1. An antenna (100) for emitting radiation from at least one travelling electromagnetic wave, which propagates along a guide path determined by the structure of the antenna, the guide path forming a transmission line dedicated to the travelling wave and having at least one path portion in the form of a spiral section (11, 12) extending to a terminating end of the spiral section,

the guide path additionally comprising a continuous loop (13) surrounding each helical segment (11, 12), and the terminating end of each helical segment being connected to the loop at the connection point (PR1, PR2) of the helical segment, such that an electrical signal transmitted to a feed input (E) of the antenna (100) produces a travelling wave propagating along each helical segment, which travelling wave is then transmitted to the loop at the connection point of the helical segment,

characterized in that, for each spiral segment (11, 12), the antenna (100) further comprises a bridging structure (SP1, SP2) arranged for connecting the spiral segment to the loop (13) upstream of the connection point (PR1, PR2) with respect to the propagation direction of the travelling wave along the spiral segment for the purpose of transporting the travelling wave and in addition to the connection point,

and wherein, for the helical section (11, 12), the two lengths of the guiding path between the bridging structure (SP1, SP2) and the connection point (PR1, PR2), measured respectively along the helical section and along the loop (13), are each equal to one quarter of the same effective wavelength value of the travelling wave, within +/-20%, corresponding to the frequency value belonging to the transmission band of the antenna (100).
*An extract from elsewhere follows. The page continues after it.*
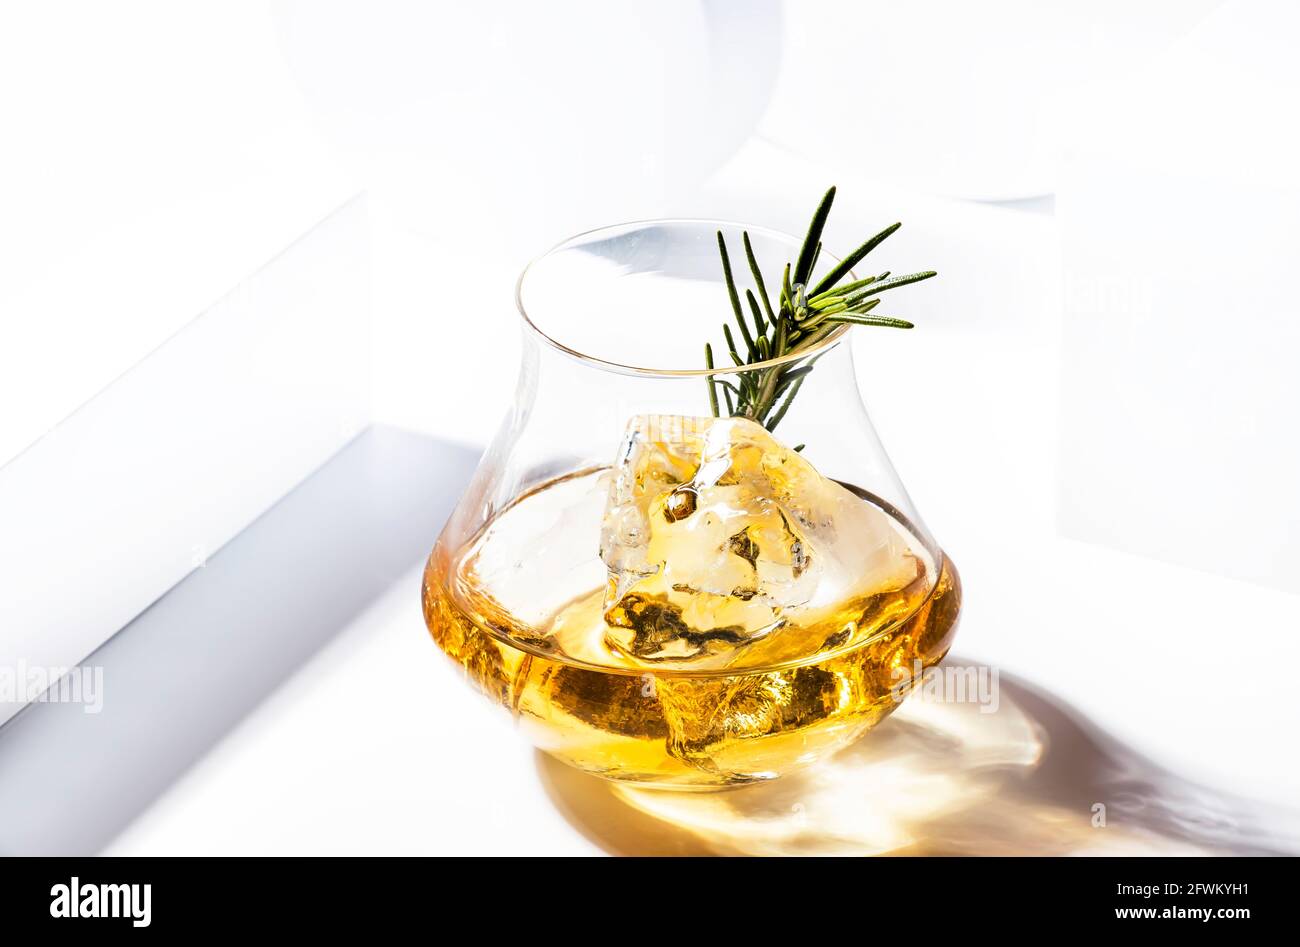 https://c8.alamy.com/comp/2FWKYH1/whiskey-scotch-or-bourbon-glass-with-rosemary-shard-ice-on-black-white-background-with-geometric-cubes-and-circles-contemporary-still-life-2FWKYH1.jpg

2. The antenna (100) of claim 1, wherein each helical segment (11, 12) is tangentially connected to the loop (13) at the connection point (PR1, PR2) of the helical segment.

3. The antenna (100) according to claim 1 or 2, characterized in that the effective wavelength of the travelling wave acting as a reference between the bridging structure (SP1, SP2) and the connection point (PR1, PR2) respectively along the length of the helical segment and the guiding path measured along the loop (13) is between 0.75/n times and 1.25/n times the length of the loop, n being a positive integer.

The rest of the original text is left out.